Avec la fin des classes et avec tous ces jeunes inscrits à des camps de vacances, je me suis mise à réfléchir aux étés de liberté de mon enfance, à une époque où l’on pouvait - Oh ! Horreur ! – s’enfoncer dans le bois, allumer un feu de camp, construire un fort et jouer dans la rue… J’ai réalisé que les temps avaient changé mais était-ce à ce point ?

Est-ce qu’en tant que société, sommes-nous devenus surprotecteurs et gestionnaires du détail au point de ne plus permettre à nos enfants d’être des enfants? Pensez-y.

Plusieurs écoles ont banni le ballon-chasseur et la tague. Plusieurs cours d’école n’ont plus de glissoires et de balançoires parce que l’on craint que les enfants ne se blessent. Des jeunes se font interdire de jouer au football américain et de se suspendre à des anneaux de gymnastique. Certaines écoles ont poussé le zèle jusqu’à interdire le port de la savate pour ne pas que les enfants ne se tordent les chevilles!

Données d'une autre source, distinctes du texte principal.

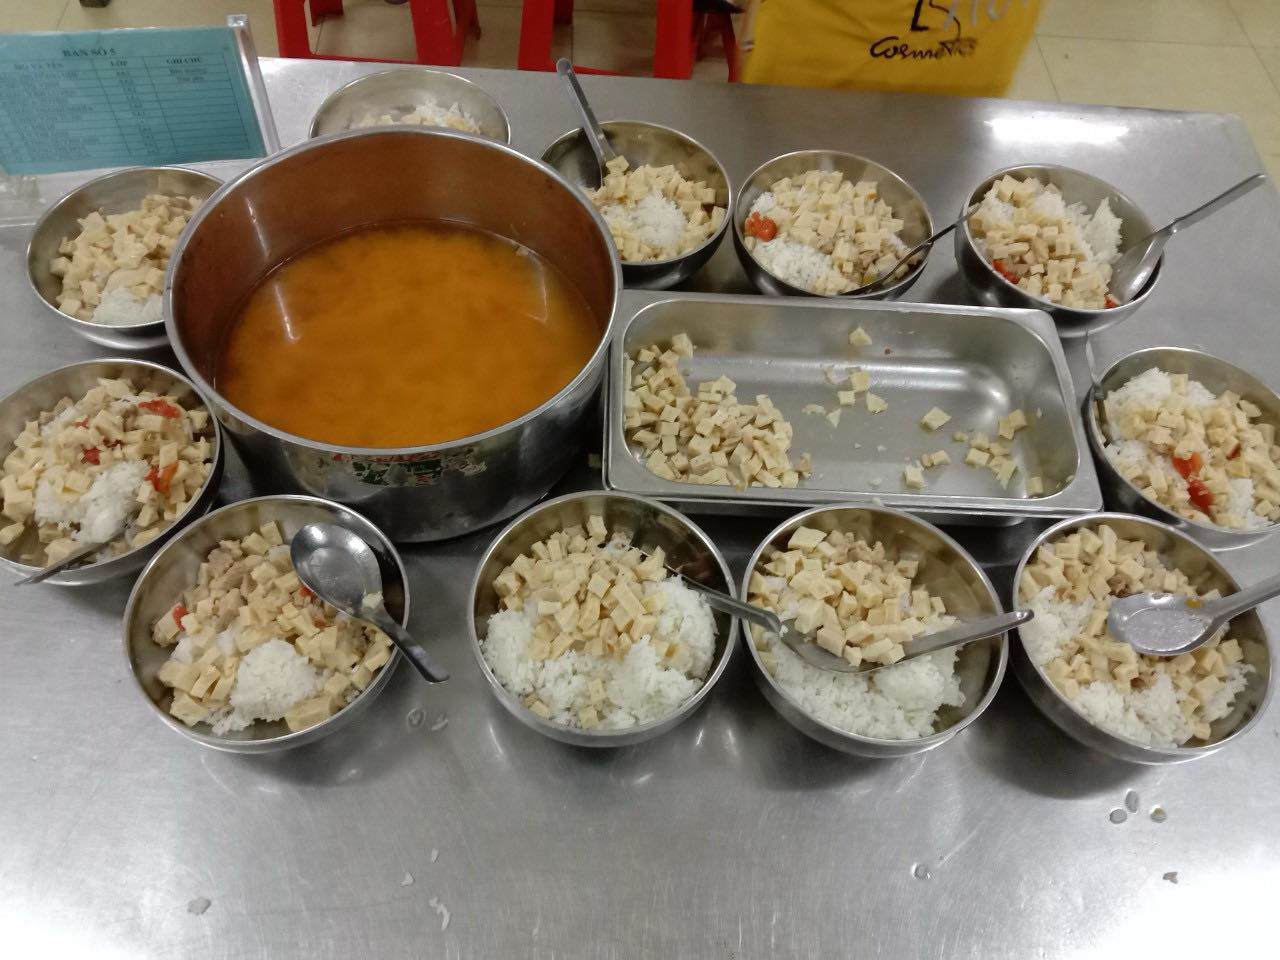 Hình ảnh bữa ăn tại trường bán trú sau khi bị tố cho học sinh ăn 2 gói mì tôm chan cơm - 7

Les cours d’éducation physique et les camps de jour sont méticuleusement structurés et gérés et plusieurs enseignants et éducateurs ont éliminé des jeux qui pourraient blessés physiquement ou même psychologiquement les enfants. Combien de fois avons-nous entendu dans les compétitions scolaires qu’il n’y avait pas de perdants?

Désolé de vous décevoir, les enfants, mais, malheureusement, il y a bel et bien des perdants. Le jeu, le sport, la compétition en soi nécessitent l’existence d’un gagnant et d’un perdant. Prétendre le contraire est de décourager ces pauvres enfants qui sont occupés à se préparer pour leur journée de graduation de la …maternelle. N’y avait-il pas une époque durant laquelle nous devions réellement réussir quelque chose pour se mériter une étoile? Écoutez, même si je ne suis pas parent, je peux certainement comprendre le besoin primaire de protéger sa progéniture de tout désagrément de la vie. Mais il existe une grosse différence entre protéger un enfant d’un danger et le couver hermétiquement. Nous élevons nos enfants comme des fleurs en serre et nous nous demandons ensuite pourquoi nous avons créé une génération entière de mauviettes.

Il y a environ une dizaine d’années, le journaliste Matt Labash a écrit un dossier pour l’hebdo The Weekly Standard sous le thème de “the Wussification of America" (la « mauviettisation » de l’Amérique) en référence aux enfants auxquels on interdit certains jeux parce qu’ils « encouragent la violence et l’esprit de compétition, et peuvent causer des dommages irréparables à l’estime de soi ».

Ça suffit ! Je me souviens que trop bien de cette fois où j’ai reçu en pleine gueule ce missile en caoutchouc  au cours d’une joute de ballon-chasseur, mais de là à estimer que cela m’a causé des « dommages irréparables à l’estime de soi »? J’ose croire que cela nécessite plus d’un coup à la tête.

Bien sûr qu’il est désagréable de perdre et que cela égratigne notre égo mais on n’en meurt pas. Vous apprenez ainsi à éviter le prochain ballon qui vous sera destiné. La vie n’est-elle pas faite d’essais et d’erreurs?

Je n’encourage pas les gens à lancer des objets à la tête de vos enfants mais, en fait, ce n’est qu’un ballon et ce n’est qu’un jeu !

Devons-nous alors protéger de tout danger nos jeunes et les inscrire à des cours de boulingrin? Est-ce que cette volonté de les protéger à outrance de toutes formes de défis et possiblement d’échecs ne mènera pas ces enfants à un dur réveil plus tard dans leur vraie vie?

Parfois, il faut savoir perdre pour ensuite pouvoir gagner.